The exhibit is “funny,” Corbman tells me, in that “it’s very centrally invested in the history of fraught relationships between lesbians and the front office.” It likely helps, though, that the Lesbian Herstory Archives is now working with “a different front office” — that of the Barclays Center, which became the Liberty’s home in 2020. “We didn’t just have to tell a kind of sanded-down story where lesbians were loved by the league for the entire time, or even a kind of progress narrative that forgets this history,” Corbman says. (Wolfe, however, has a slightly more cynical outlook on the timing of the exhibit: “There are enough lesbians out on the teams that it’s a positive for them. They’re not losing anything by it.”)

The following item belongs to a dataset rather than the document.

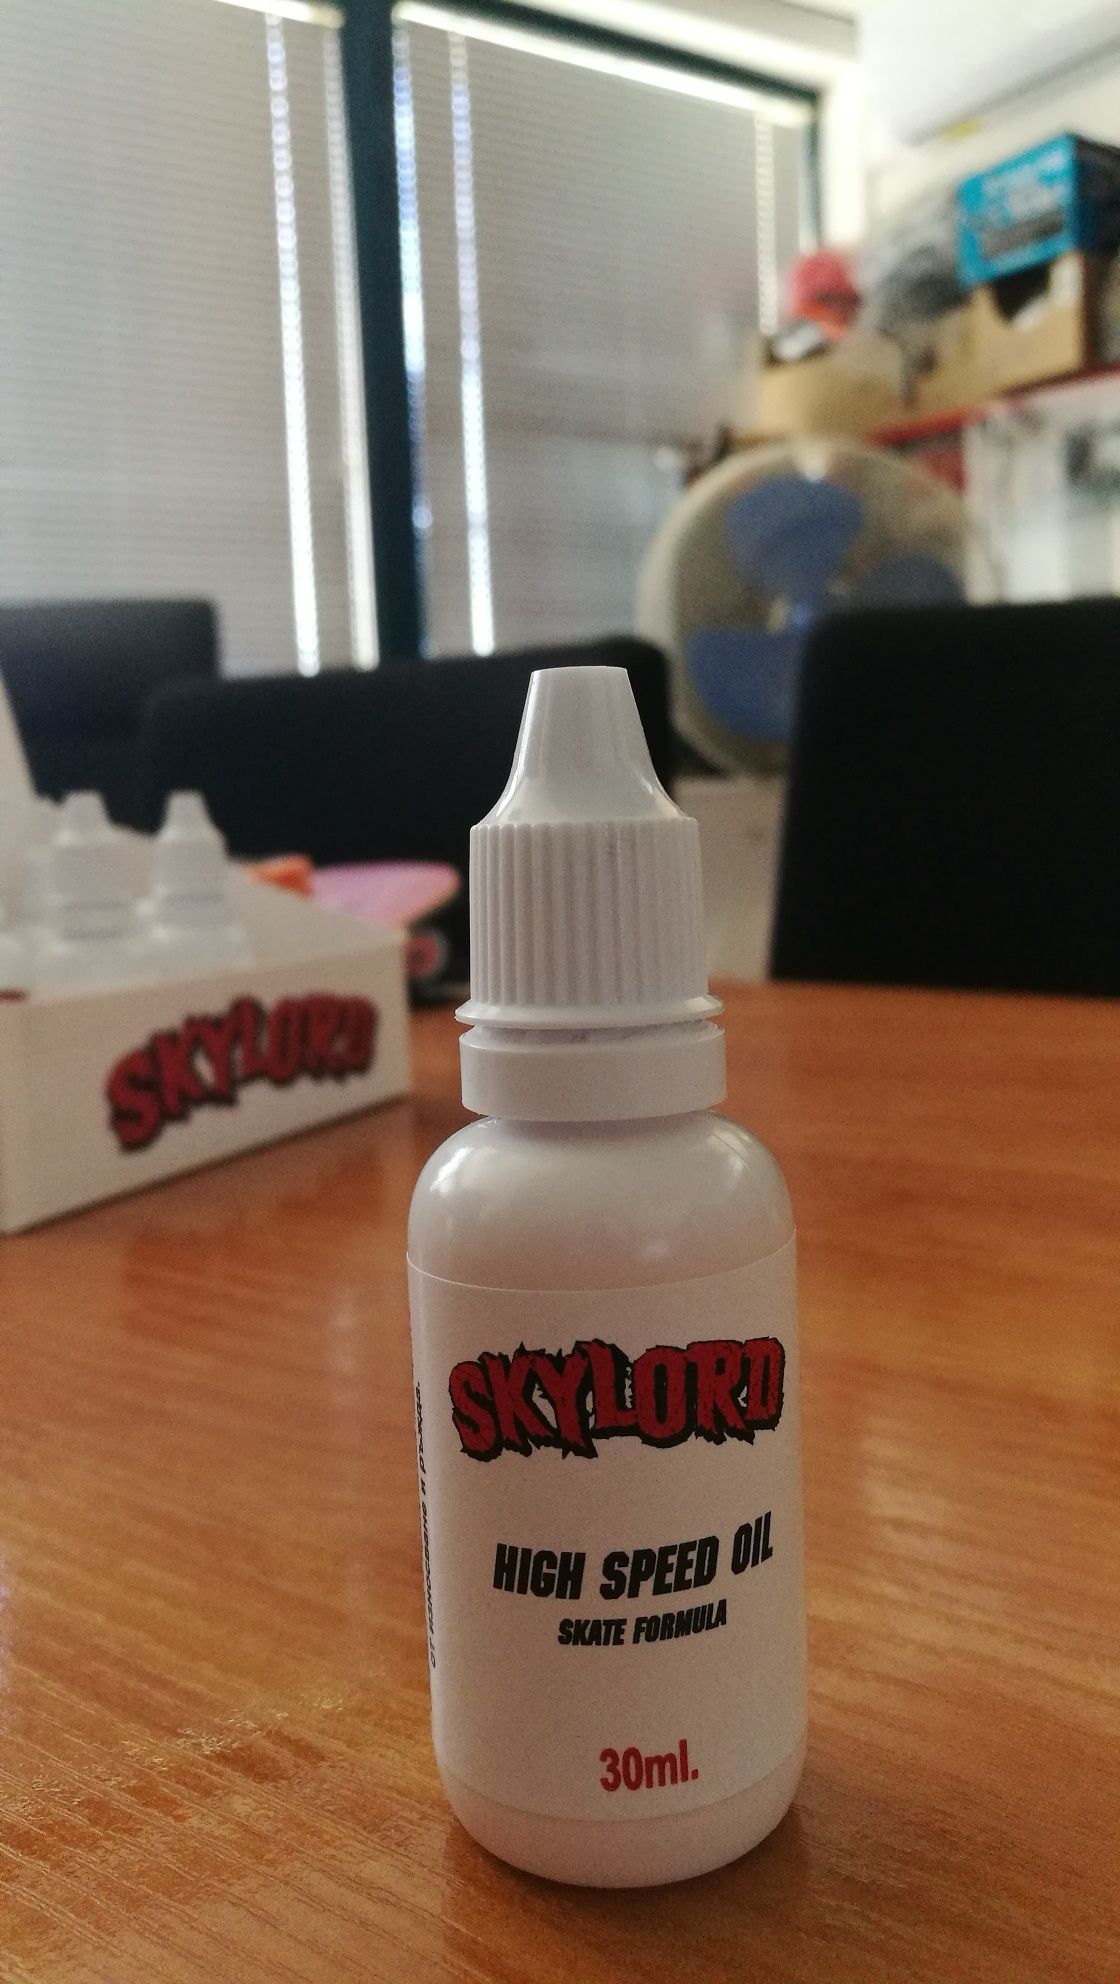 Skylord  high speed oil смазка, масло за лагери за скейтборд и ролери

Corbman is also quick to point out that Lesbians for Liberty was a predominantly (though not exclusively) white group, and that the WNBA is predominantly Black. The activism of the players themselves has been central to the story of the league since its inception — and as they demonstrated at the All-Star Game last weekend with shirts that read “Pay Us What You Owe Us,” that’s sadly still a necessary reality. But it’s also true that the activism of queer fans has been largely overlooked when it comes to the history of the WNBA, and those stories, too, are worth telling.

Lesbians for Liberty

Dobkin emphasizes that the aim of the group was not “some canceling of the WNBA.” “We were really celebrating the league, but also calling them out at the same time,” she says, before adding, “Oh, I guess now they call that, ‘calling them in.’ We were calling them in.” But even though Lesbians for Liberty existed for only a brief moment, there’s still much that we can learn from them in the present day. Dobkin, who is now a performance artist living in Toronto, stresses that the history of the group should be situated in a broader lineage of queer activism. She has nostalgia for the scrappy spirit that drove Lesbians for Liberty, and art-oriented queer direct action in the ’90s in general — “to be able to do something that requires very little resources, where I can call three friends and show up and bring some posters and paint,” she tells me, “and to do things that feel achievable and manageable, and also with a spirit of play.” A kiss-in, as Dobkin points out, is a “very playful action.”

Wolfe, too, still appreciates the creativity and the courage of those who participated in Lesbians for Liberty. “Nobody backed away,” she recalls. “When they said you couldn’t bring a banner, everybody thought, ‘How are we going to sneak the banner in?’” Though Wolfe says it was “silly” and “juvenile” that it took the WNBA as long as it did to officially acknowledge Pride (even the New York Times criticized the league for taking until 2014 to do so), she also says, “The great thing was that people stood up to it and said, ‘We’re not going to take it.’”

The legendary activist sees that same spirit in today’s protests against anti-trans laws and laws that seek to censor topics like “critical race theory” in higher education. “This is fascism — and a lot of lesbians are standing up to it,” Wolfe says. “People have to be very vigilant and make sure that you still stay visible, and that we don’t let anybody do that again. Anywhere, anywhere, not just in the WNBA.”